1ST ANC Youth League National General Council (ANCYL NGC) Declaration in Gallagher Estate, Johannesburg (28 August 2010)
🟩 Summary by Cde Matthews Bantsijang
🔥 Purpose and Context
- The NGC was convened to assess progress since the 23rd National Congress and prepare for the 24th in 2011.
- Declared the largest political school of the ANCYL, focused on radical policy development and youth mobilisation.
🗣 Political Vision and Ideological Anchoring
- Reaffirmed the Freedom Charter as the strategic goal of the ANC and liberation movement.
- Called for the ANC’s 53rd National Conference (2012) to reprogrammatise the Charter post-centenary.
- Advocated for radicalisation and re-energising of the ANC, inspired by the founding Youth League generation of the 1940s.
👥 Youth Leadership and Membership
- Urged election of younger, energetic, militant leaders into ANC structures.
- Called for youth to constitute over 50% of ANC membership, to foreground youth development in government.

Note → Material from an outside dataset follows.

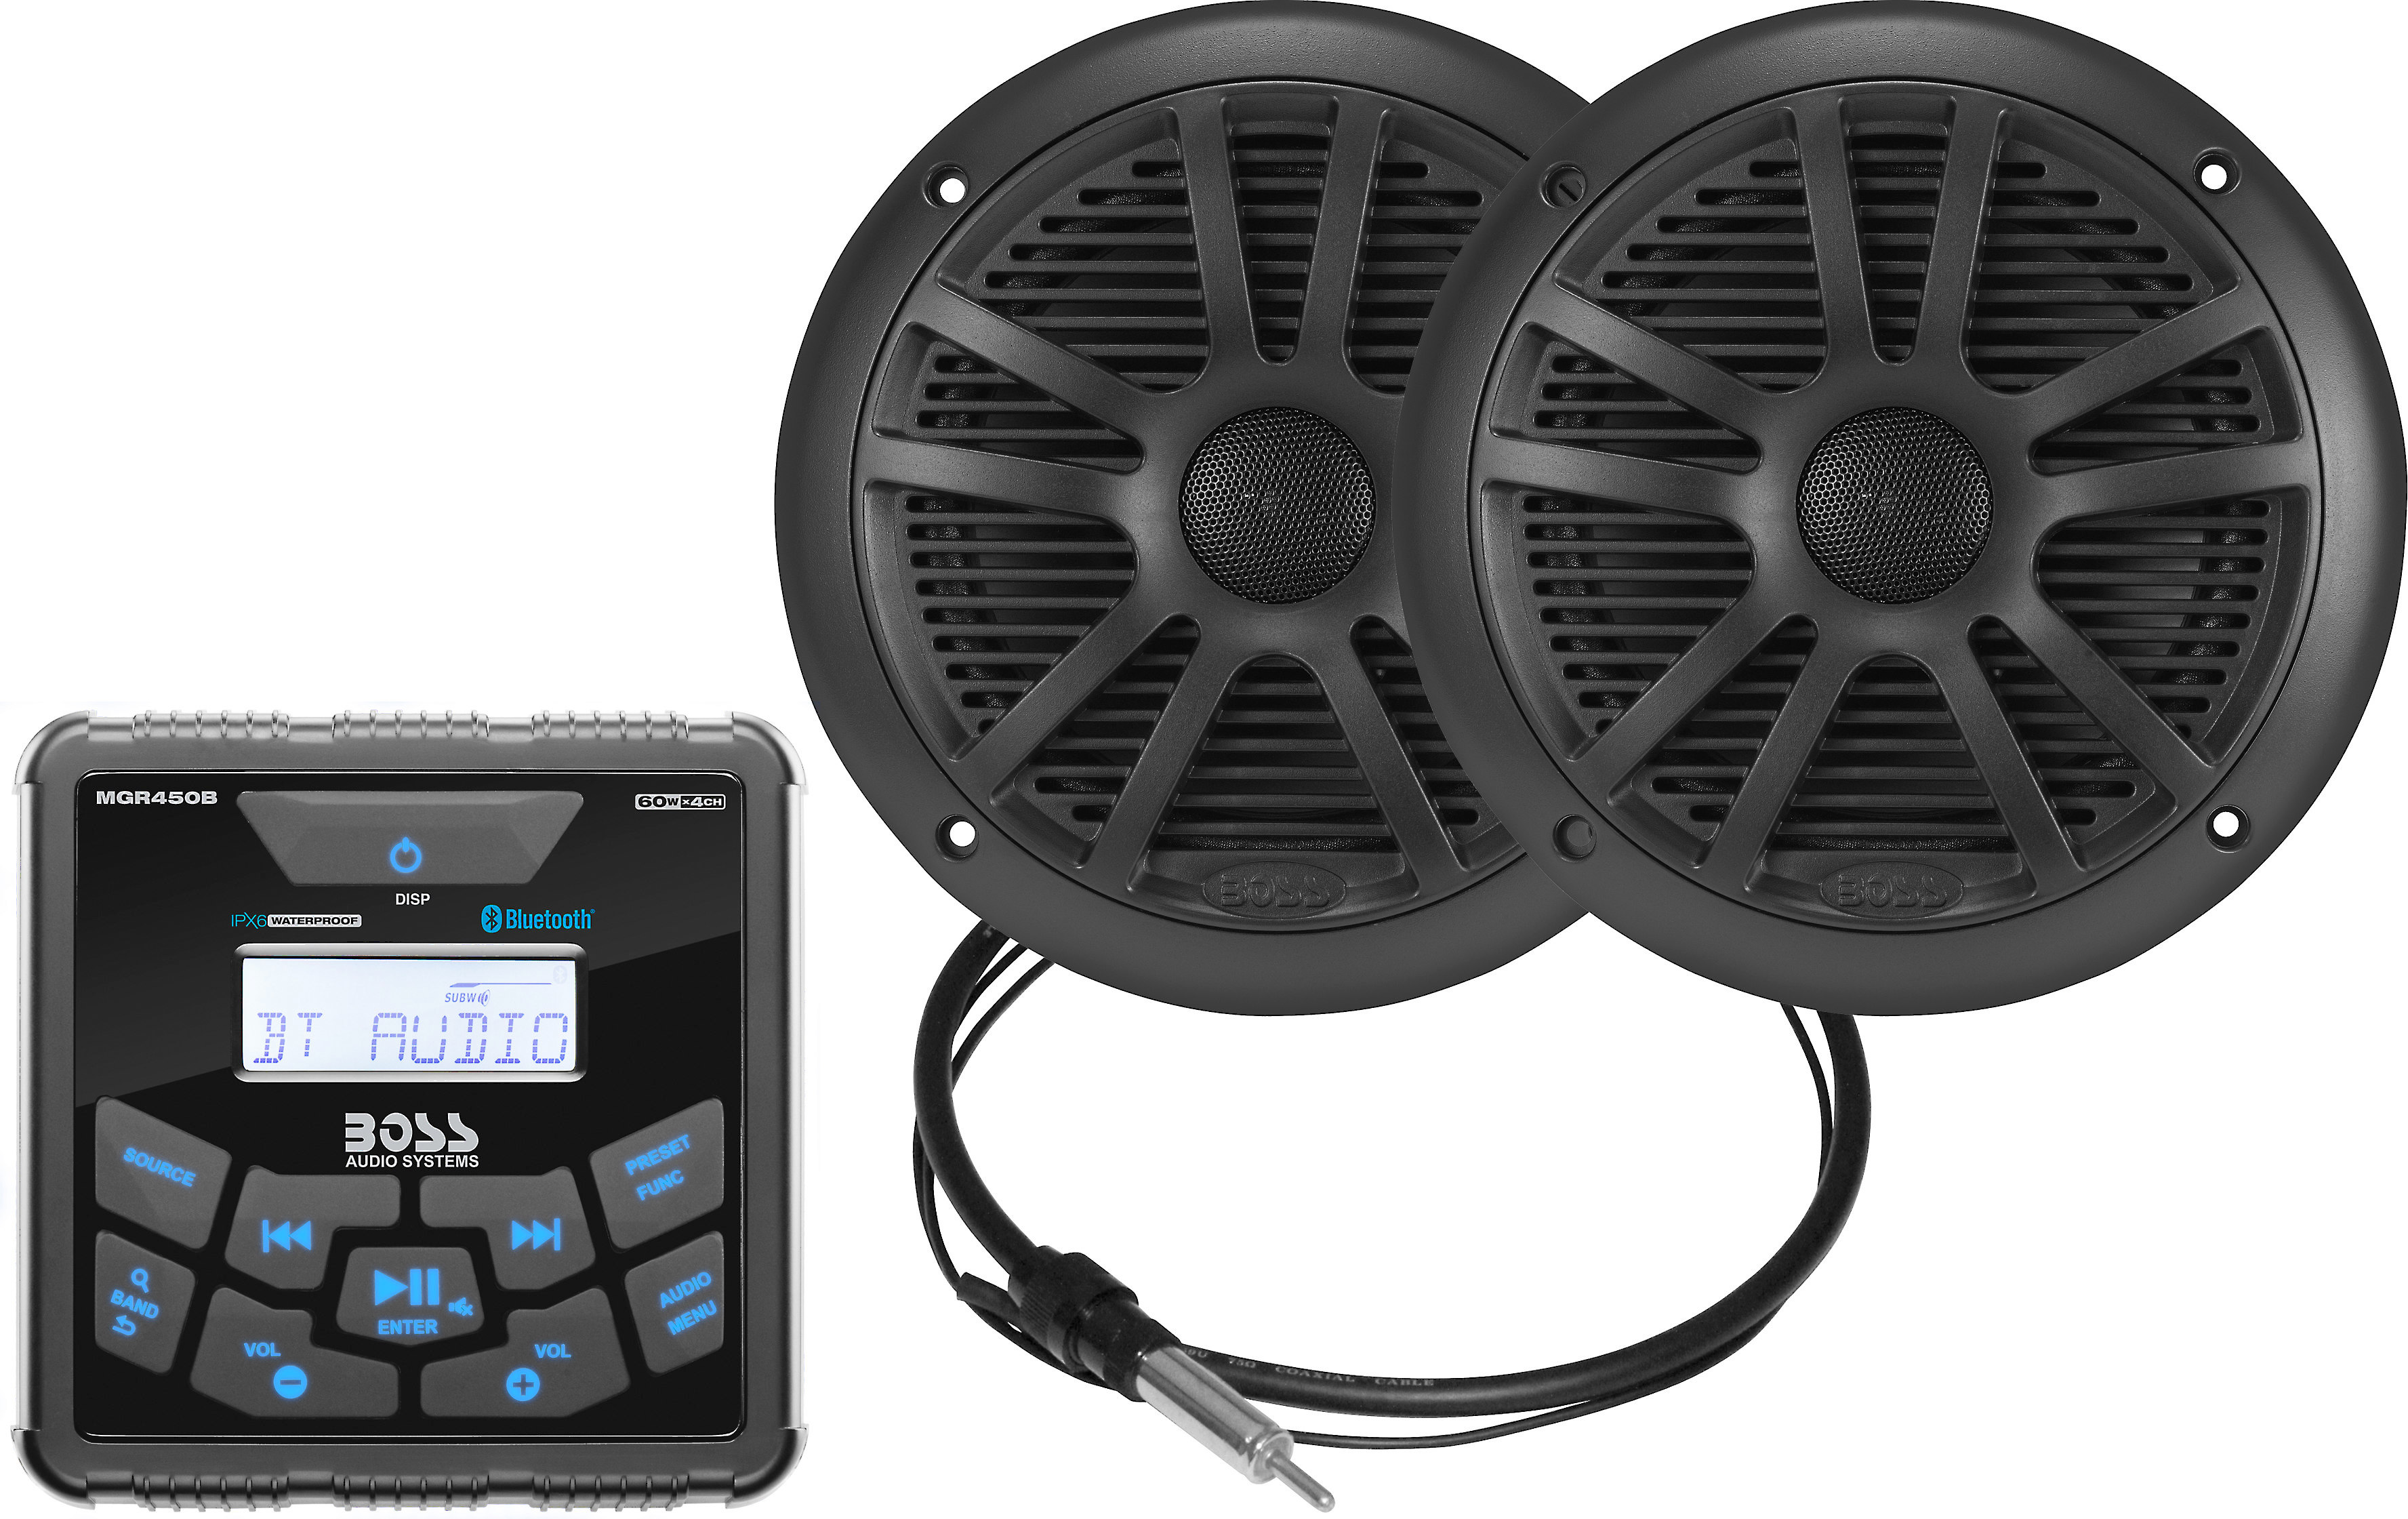 udstilling hensigt Retfærdighed Customer Reviews: Boss Audio MCKGB450B.6 (Black speakers) Marine audio  package: Includes MGR450B digital media receiver (does not play CDs) and  two MR6 6-1/2" marine speakers at Crutchfield

💥 Economic Freedom and Nationalisation
- Declared nationalisation of mines as central to the struggle for economic freedom.
- Called for amendment of Section 25 of the Constitution to enable state-led redistribution and expropriation in public interest.
🛡 Organisational Discipline and Autonomy
- Rejected disciplinary action against the ANCYL President as unconstitutional.
- Condemned members who take internal matters to court—affirmed automatic expulsion.
- Emphasised discipline as a weapon of transformation, not repression.
🌍 International Solidarity
- Strengthened ties with former liberation movements (ZANU-PF, SWAPO, FRELIMO, MPLA, etc.).
- Committed to global justice campaigns, especially in Swaziland, where political repression persists.
- Announced readiness to host the 17th World Festival for Youth and Students in December 2010.
💪 Social Transformation Agenda
- Pledged to intensify struggles for education, healthcare, housing, and combat crime, alcohol abuse, HIV/AIDS.
- Critiqued harmful youth trends like multi-sexual relationships, calling for moral renewal.
This declaration is a vivid snapshot of the ANCYL’s militant posture in 2010—asserting its autonomy, demanding structural change, and positioning youth as the vanguard of transformation.